(Problem statement): All of the data below should be printed again word for word, pictures excluded.

Start of Data segment

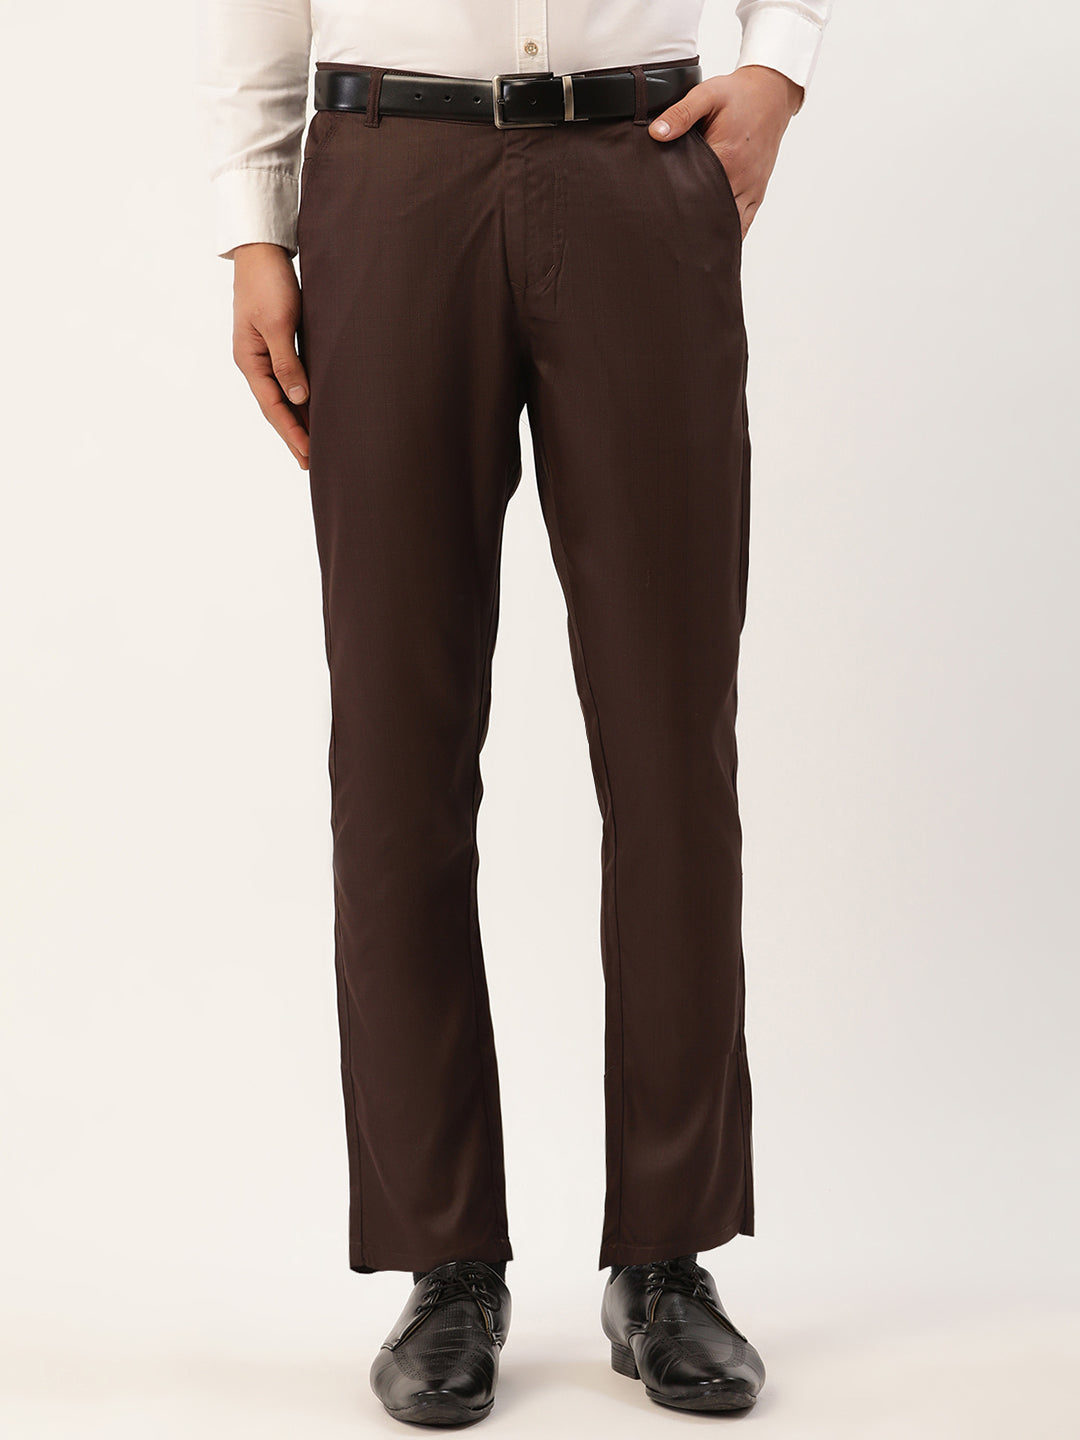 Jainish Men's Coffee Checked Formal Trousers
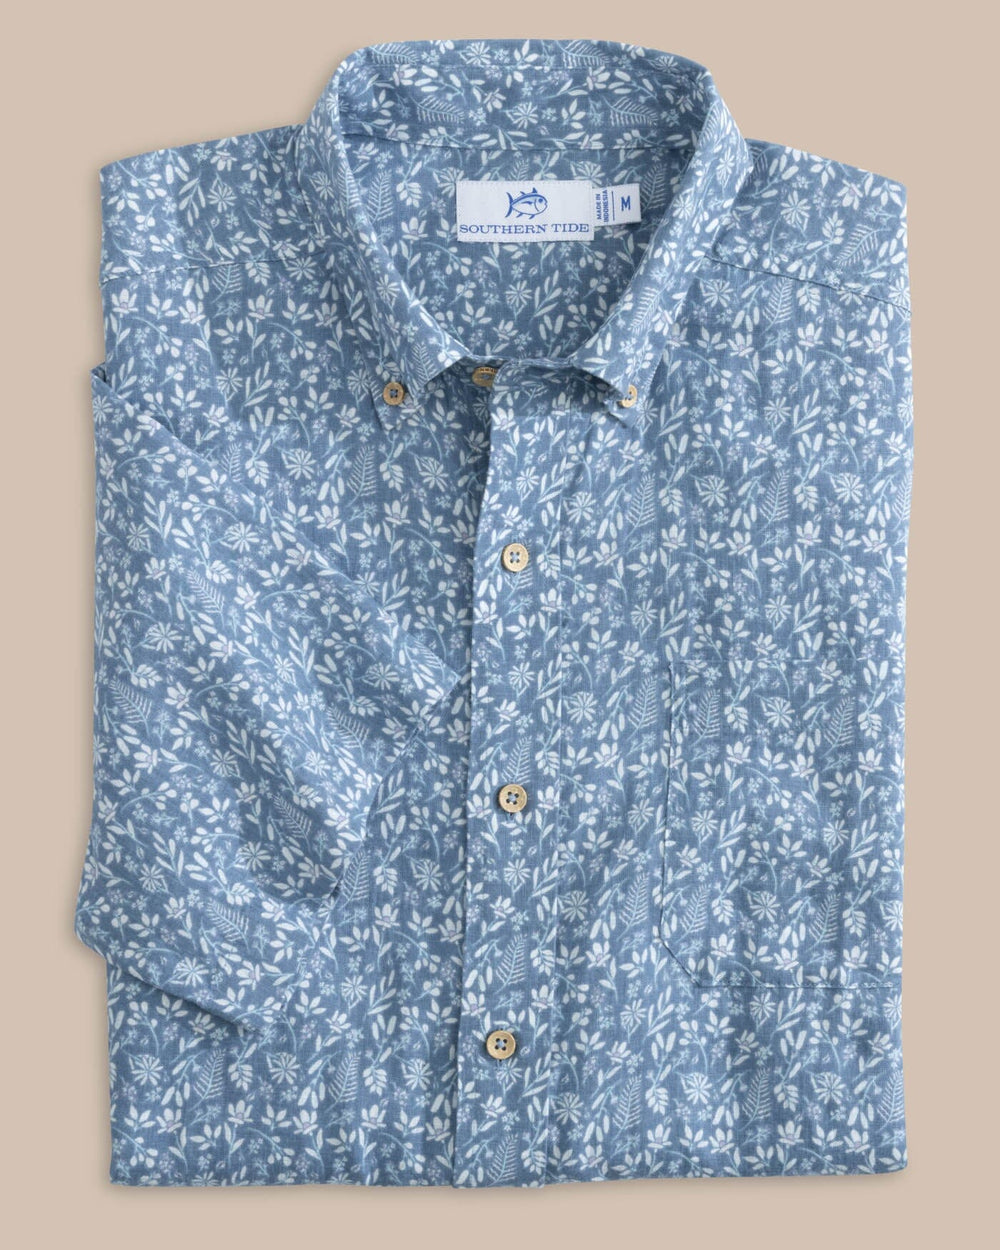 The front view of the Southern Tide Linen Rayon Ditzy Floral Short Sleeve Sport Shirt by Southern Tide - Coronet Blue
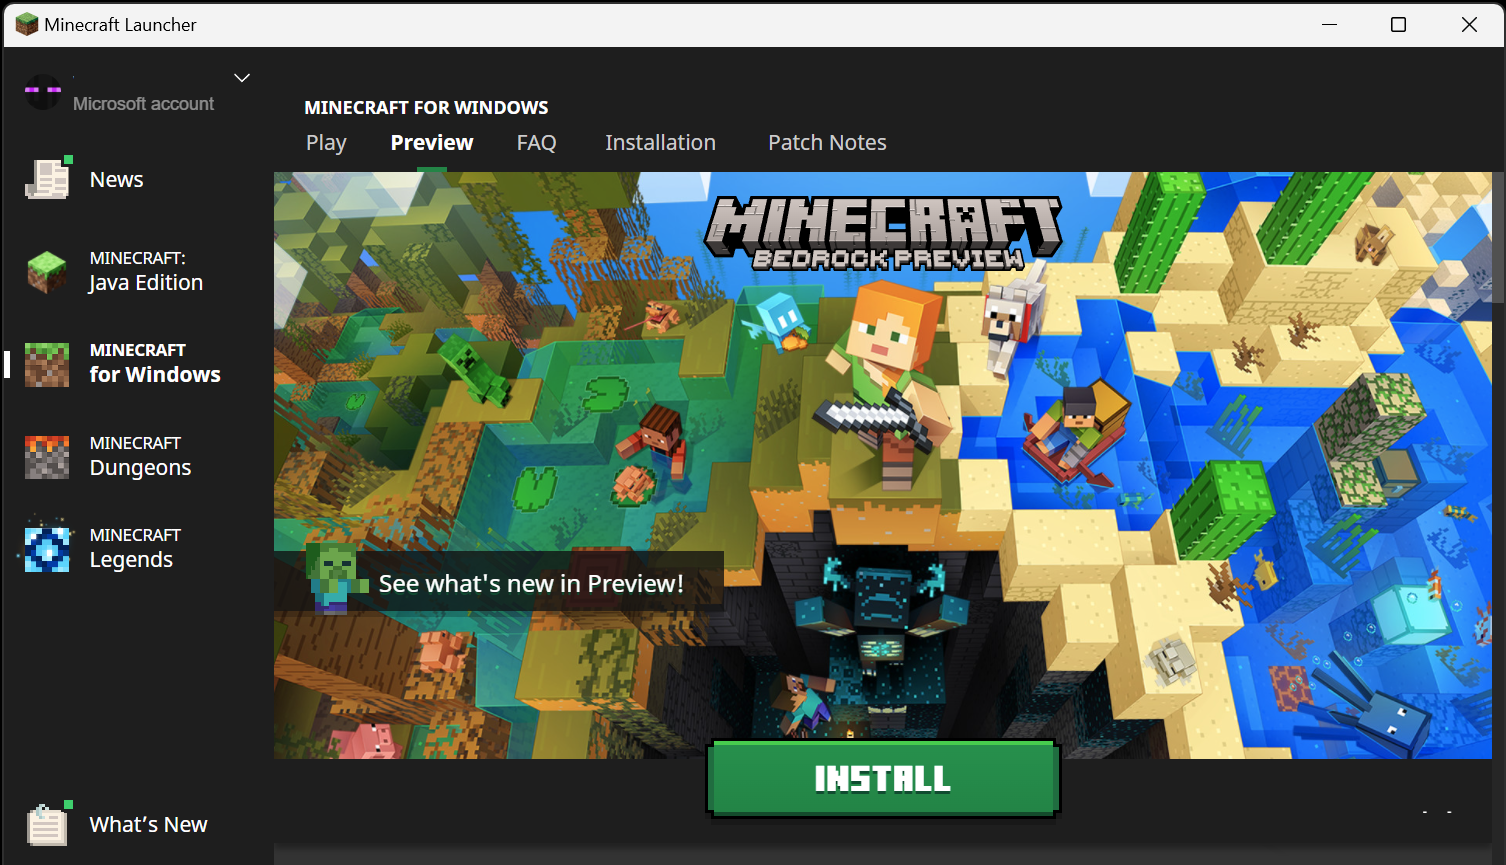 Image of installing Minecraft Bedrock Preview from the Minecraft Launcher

End of Data segment

(Output of the task):
 Jainish Men's Coffee Checked Formal Trousers
 The front view of the Southern Tide Linen Rayon Ditzy Floral Short Sleeve Sport Shirt by Southern Tide - Coronet Blue
 Image of installing Minecraft Bedrock Preview from the Minecraft Launcher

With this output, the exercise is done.